In fact, those who opposed Paul and Silas’ success in convincing, not only Jews, but also Greeks and some prominent women that Jesus was the Messiah, gathered some goons hanging out in the downtown area of Thessalonica and stirred up the mob. Check out what they did when they didn’t find Paul and Silas where they thought they would be:
“Now passing through Amphipolis and Apollonia, they came to Thessalonica, where there was a Jewish synagogue. Paul, following his usual custom (Acts 13:5, 14; 14:1; 18:4; 19:8), went in and for three Sabbaths he argued from the Scriptures with them. He was pointing out and demonstrating that the Messiah must suffer and rise again from the dead, and saying, ‘This one is the Messiah, Jesus, whom I proclaim to you.’ Some of them were persuaded and joined Paul and Silas, as did a great many god-fearers, Greeks, and not a few of the prominent women.
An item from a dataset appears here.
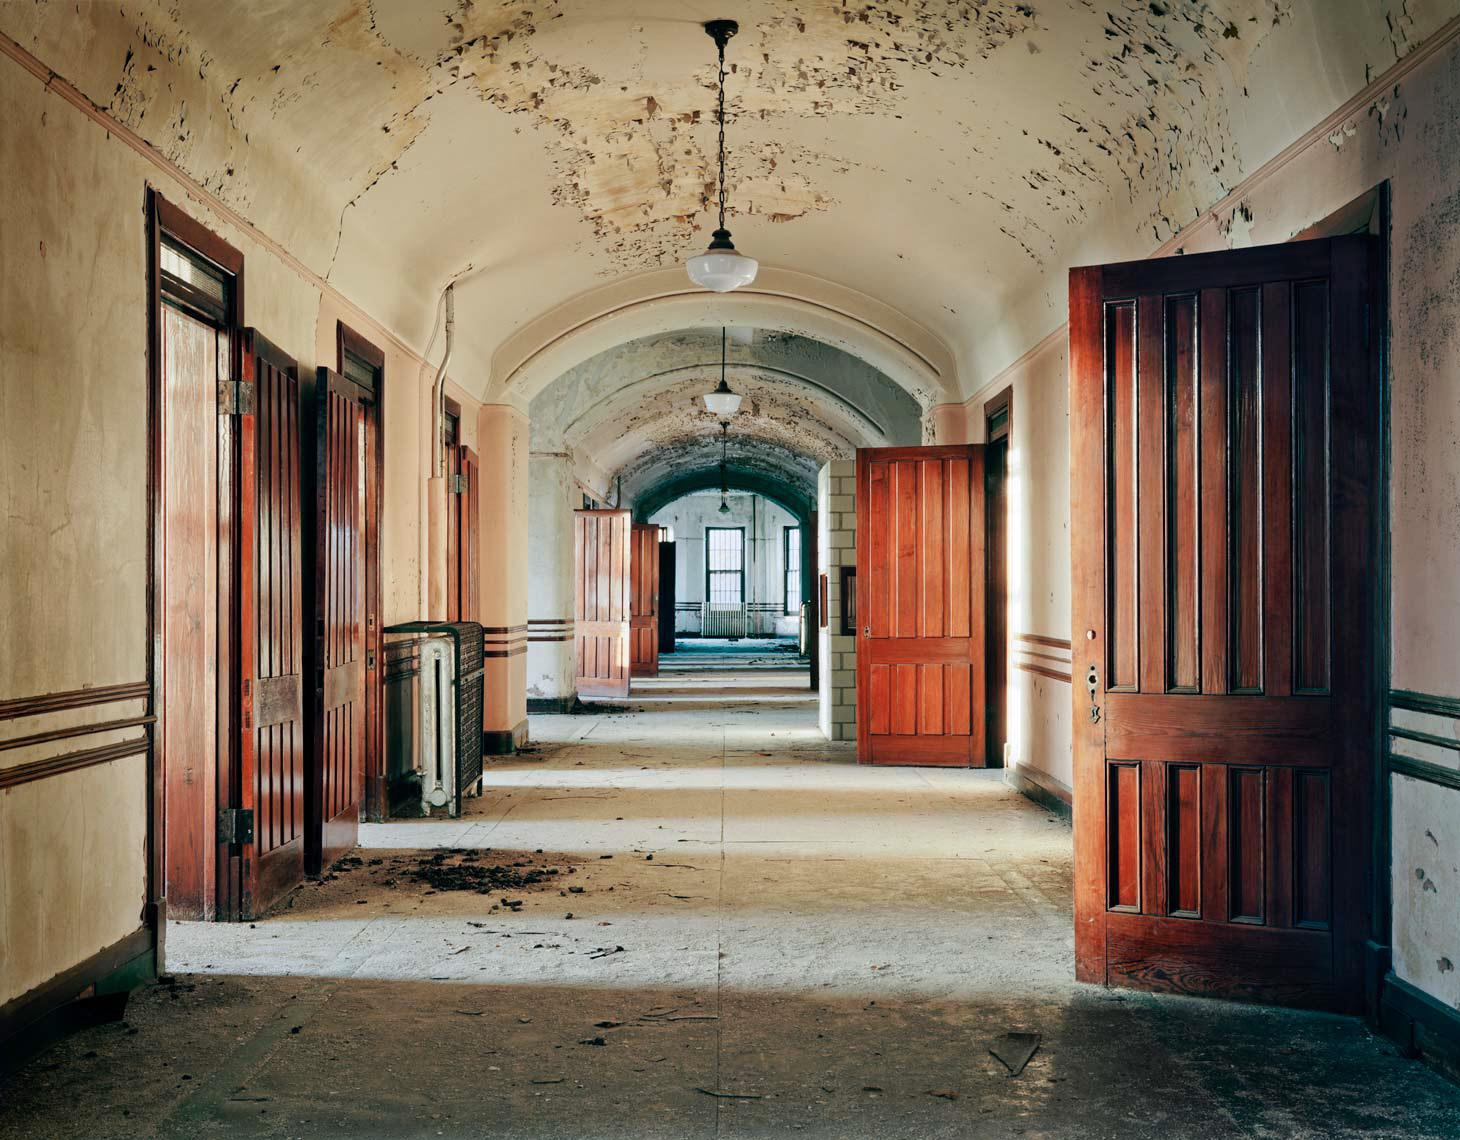 Asylum_021.jpg

But other Jews became jealous. They gathered some thugs from the marketplace, worthless men, and ignited a disturbance in the city. They attacked Jason’s home seeking Paul and Silas to bring them out to the people. When they didn’t find them, they dragged Jason and some of the brothers before the city officials, shouting, ‘These are the ones who are upsetting the entire civilized world, and here they are right in our midst. Jason has welcomed them, entertained them as guests, though they are acting against the decrees of Caesar saying there is another king, Jesus.’
When they heard these things the crowd and the city officials became agitated. And when they had received security from Jason and the rest, they released them. And immediately during the night the brothers sent Paul and Silas on to Berea.” Acts 17:1-10a
The way we interpret a given incident depends upon our point of view. For example, a Turkish Moslem supporting Erdogan will cry out that the demonstrators in Washington, D.C. were threatening their president and got what they deserved.
Across the street in the park, those American Turks who believe in freedom of speech and the right to protest, will cry out for civil suits against the Turkish security detail who roughed them up. Like fish swimming in water, our point of view determines how we think, but few of us pay attention to how our personal point of view determines who we label bad guys and who we think are the good guys.
Now apply this to the episode in Thessalonica. If you listened to Paul arguing for three weeks in your synagogue that Jesus was the Messiah and you rejected this claim, how would you judge what the mob did to silence these outsiders? Suppose you’re one of the thugs inciting the crowd, what would you think about Paul and Silas? Now put yourself in the place of the city leaders responsible for maintaining order in the city.
Here’s the big question. According to how Luke told this story in Acts, who are the good guys and the bad guys in the situation? And do you agree or disagree with him?
LORD, Mary and I just met with an Albanian who has friends traveling to Turkey. He stressed how under Erdogan’s tightening of control, it’s getting harder to have open dialogue about spiritual things. Curb this repression of free speech, especially when it comes to talking with others about Your Son. Help our brothers and sisters in Turkey.